Collection entries
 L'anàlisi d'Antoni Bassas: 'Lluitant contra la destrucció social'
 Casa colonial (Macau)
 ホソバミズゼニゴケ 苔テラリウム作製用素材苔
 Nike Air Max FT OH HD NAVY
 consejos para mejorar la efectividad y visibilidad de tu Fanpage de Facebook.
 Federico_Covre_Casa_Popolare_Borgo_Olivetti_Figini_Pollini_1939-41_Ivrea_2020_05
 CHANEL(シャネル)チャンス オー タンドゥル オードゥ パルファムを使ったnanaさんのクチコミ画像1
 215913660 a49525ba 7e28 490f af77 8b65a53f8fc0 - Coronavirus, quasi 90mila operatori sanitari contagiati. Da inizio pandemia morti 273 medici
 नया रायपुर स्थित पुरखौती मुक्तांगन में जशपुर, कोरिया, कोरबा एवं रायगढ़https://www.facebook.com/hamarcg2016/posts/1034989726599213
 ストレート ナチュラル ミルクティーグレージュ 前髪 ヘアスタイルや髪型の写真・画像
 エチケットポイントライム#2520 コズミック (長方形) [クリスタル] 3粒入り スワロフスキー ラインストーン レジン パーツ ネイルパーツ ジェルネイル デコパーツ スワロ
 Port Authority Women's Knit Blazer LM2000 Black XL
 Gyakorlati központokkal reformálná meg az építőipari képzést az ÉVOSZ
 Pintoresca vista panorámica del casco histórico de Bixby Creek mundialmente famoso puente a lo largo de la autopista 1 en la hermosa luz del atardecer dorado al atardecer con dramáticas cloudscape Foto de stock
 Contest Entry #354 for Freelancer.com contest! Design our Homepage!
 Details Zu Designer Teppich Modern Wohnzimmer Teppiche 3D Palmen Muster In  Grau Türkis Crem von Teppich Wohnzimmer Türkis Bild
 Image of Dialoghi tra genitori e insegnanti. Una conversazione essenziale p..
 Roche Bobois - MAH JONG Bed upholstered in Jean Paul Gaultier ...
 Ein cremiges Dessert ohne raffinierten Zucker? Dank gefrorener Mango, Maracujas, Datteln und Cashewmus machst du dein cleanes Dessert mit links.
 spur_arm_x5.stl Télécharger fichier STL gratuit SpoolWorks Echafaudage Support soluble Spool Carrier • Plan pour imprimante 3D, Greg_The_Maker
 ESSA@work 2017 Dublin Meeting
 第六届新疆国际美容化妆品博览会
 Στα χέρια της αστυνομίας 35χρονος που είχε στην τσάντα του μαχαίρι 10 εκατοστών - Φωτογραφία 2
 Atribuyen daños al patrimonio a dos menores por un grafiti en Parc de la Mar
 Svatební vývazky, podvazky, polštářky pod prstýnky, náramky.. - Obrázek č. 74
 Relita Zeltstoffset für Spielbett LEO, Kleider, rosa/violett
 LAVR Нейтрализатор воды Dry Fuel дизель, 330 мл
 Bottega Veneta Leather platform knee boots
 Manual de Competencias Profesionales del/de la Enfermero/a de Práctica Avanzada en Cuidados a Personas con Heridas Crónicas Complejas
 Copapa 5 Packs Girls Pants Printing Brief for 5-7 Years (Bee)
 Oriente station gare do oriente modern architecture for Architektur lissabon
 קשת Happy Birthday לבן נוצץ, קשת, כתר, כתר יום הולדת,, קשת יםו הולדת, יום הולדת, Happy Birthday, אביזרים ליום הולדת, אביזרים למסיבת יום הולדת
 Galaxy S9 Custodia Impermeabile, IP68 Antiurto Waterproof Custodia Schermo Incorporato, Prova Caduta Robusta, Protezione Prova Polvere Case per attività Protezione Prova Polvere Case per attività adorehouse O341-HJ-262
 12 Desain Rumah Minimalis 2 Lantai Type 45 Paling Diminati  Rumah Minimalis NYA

EXERCISE BRIEF —
Print exactly, and only, the lines from the line that contains "Contest Entry #354" through the last line of the records.

RESPONSE —
 Contest Entry #354 for Freelancer.com contest! Design our Homepage!
 Details Zu Designer Teppich Modern Wohnzimmer Teppiche 3D Palmen Muster In  Grau Türkis Crem von Teppich Wohnzimmer Türkis Bild
 Image of Dialoghi tra genitori e insegnanti. Una conversazione essenziale p..
 Roche Bobois - MAH JONG Bed upholstered in Jean Paul Gaultier ...
 Ein cremiges Dessert ohne raffinierten Zucker? Dank gefrorener Mango, Maracujas, Datteln und Cashewmus machst du dein cleanes Dessert mit links.
 spur_arm_x5.stl Télécharger fichier STL gratuit SpoolWorks Echafaudage Support soluble Spool Carrier • Plan pour imprimante 3D, Greg_The_Maker
 ESSA@work 2017 Dublin Meeting
 第六届新疆国际美容化妆品博览会
 Στα χέρια της αστυνομίας 35χρονος που είχε στην τσάντα του μαχαίρι 10 εκατοστών - Φωτογραφία 2
 Atribuyen daños al patrimonio a dos menores por un grafiti en Parc de la Mar
 Svatební vývazky, podvazky, polštářky pod prstýnky, náramky.. - Obrázek č. 74
 Relita Zeltstoffset für Spielbett LEO, Kleider, rosa/violett
 LAVR Нейтрализатор воды Dry Fuel дизель, 330 мл
 Bottega Veneta Leather platform knee boots
 Manual de Competencias Profesionales del/de la Enfermero/a de Práctica Avanzada en Cuidados a Personas con Heridas Crónicas Complejas
 Copapa 5 Packs Girls Pants Printing Brief for 5-7 Years (Bee)
 Oriente station gare do oriente modern architecture for Architektur lissabon
 קשת Happy Birthday לבן נוצץ, קשת, כתר, כתר יום הולדת,, קשת יםו הולדת, יום הולדת, Happy Birthday, אביזרים ליום הולדת, אביזרים למסיבת יום הולדת
 Galaxy S9 Custodia Impermeabile, IP68 Antiurto Waterproof Custodia Schermo Incorporato, Prova Caduta Robusta, Protezione Prova Polvere Case per attività Protezione Prova Polvere Case per attività adorehouse O341-HJ-262
 12 Desain Rumah Minimalis 2 Lantai Type 45 Paling Diminati  Rumah Minimalis NYA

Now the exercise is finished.